Vineeta Singh and Kaushik Mukherjee.
Sugar Cosmetics, co-founded by husband-wife duo Kaushik Mukherjee and Vineeta Singh, the latter of whom was recently a ‘shark’ on the viral series Shark Tank India, is in talks to raise over $50 million at a valuation of about $500 million, a 5x jump in a year, said people familiar with the matter, requesting anonymity. The round will be led by L Catterton Asia, an investment firm partnering with Louis Vuitton Moët Hennessy (LVMH), and manages over $30 billion in assets globally, the people cited above said.
Sugar Cosmetics declined to comment while L Catterton did not respond to queries seeking comment.
Sugar currently sells lipsticks, eyeliners, face and eye brushes, and recently expanded into skincare segment, selling moisturisers and sheet masks. It currently has an annualised revenue of about Rs 320-350 crore, or about Rs 27-30 crore of net revenue a month, sources said.

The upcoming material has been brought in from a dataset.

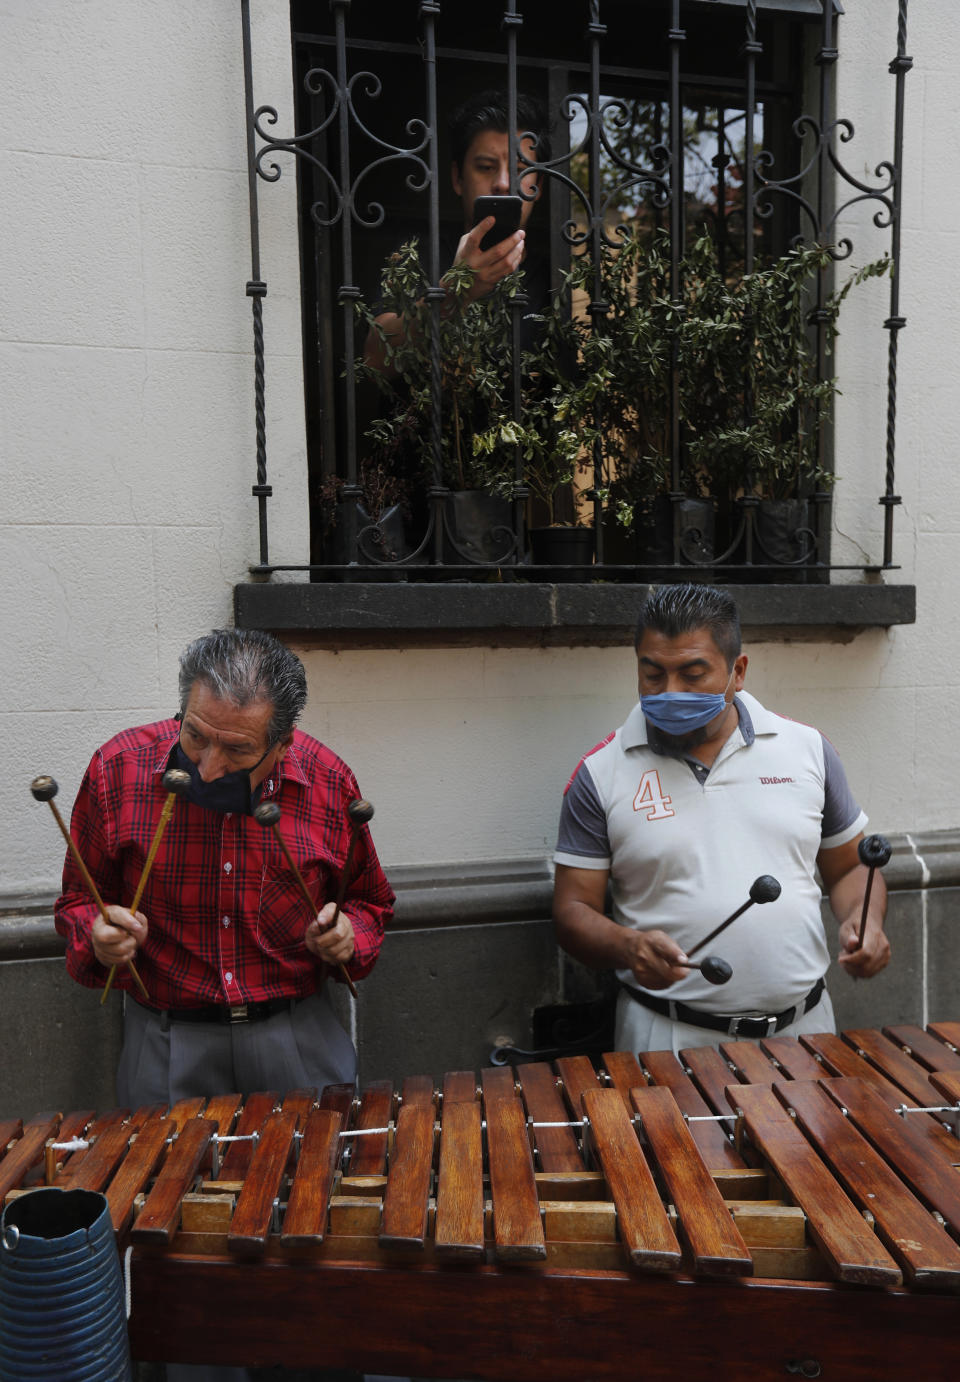 Marimba musicians wearing protective face masks perform outside an apartment building as a resident records their performance from inside his apartment, in Mexico City, Thursday, April 16, 2020. The wandering musicians, who usually perform at restaurants, have taken to performing in neighborhoods in hopes that the residents in voluntary lockdown will tip them, which many do. (AP Photo/Marco Ugarte)

The deal and Sugar’s surging valuation represent a sharp uptick in consumption as well as funding for new-age beauty and personal care brands, which start selling online and look to leverage social media word-of-mouth, online trends and a democratised internet to grow fast and expand offline later.
These so-called direct-to-consumer (D2C) brands raised $2 billion in funding last year, trebling year-on-year, with the COVID-19 pandemic driving online adoption.
A rise in online brands has however led to digital advertising costs, as Google and Facebook have started charging these internet companies higher rates to advertise on their platforms. Customer acquisition costs for these brands have surged 30-40 percent in the past 18 months, they said.
“Sugar has built a good range of products and has become a distinctive brand. Now they have to maintain that differentiation when lots of new brands are coming up. And since advertising online is more expensive for everyone, they have to find new ways of attracting and retaining customers,” said the founder of a personal care brand, requesting anonymity.
Newer lipstick brands such as Renee, Belora and Gush Beauty operate at a fraction of Sugar’s scale, but pose competition going forward, according to sources.
CEO Vineeta Singh’s newfound fame as a shark/investor on the entrepreneurship show Shark Tank may also help build out Sugar’s visibility further. Singh has over 500,000 followers on Instagram and Twitter, over 80 percent of whom have followed her in the last three months, while Sugar has nearly 2 million followers on social media, predominantly on Instagram.
“Consumer brands need to find new ways of being discovered except social media ads. Her popularity definitely helps with that, although it should not prove to be a distraction, like investors sometimes fear angel investments can be. But they haven’t shown any signs of distraction so far,” another person said, requesting anonymity.
Singh’s investments from the show include Heart Up My Sleeve, Booz Scooters, momo-maker BluePine Foods, energy drink NOCD and COSiQ Cosmetic.
The deal will also mark new investor, private equity firm L Catterton’s first deal in India, after it hired Anjana Sasidharan from Sequoia Capital India to head investments in India and Southeast Asia last year.
L Catterton was created in 2016, when PE firm Catterton partnered with Louis Vuitton owner LVMH and its billionaire chairman Bernard Arnault. The Asian arm invested in dental care startup Zenyum last year, and is in talks to close two more deals in India, the sources added.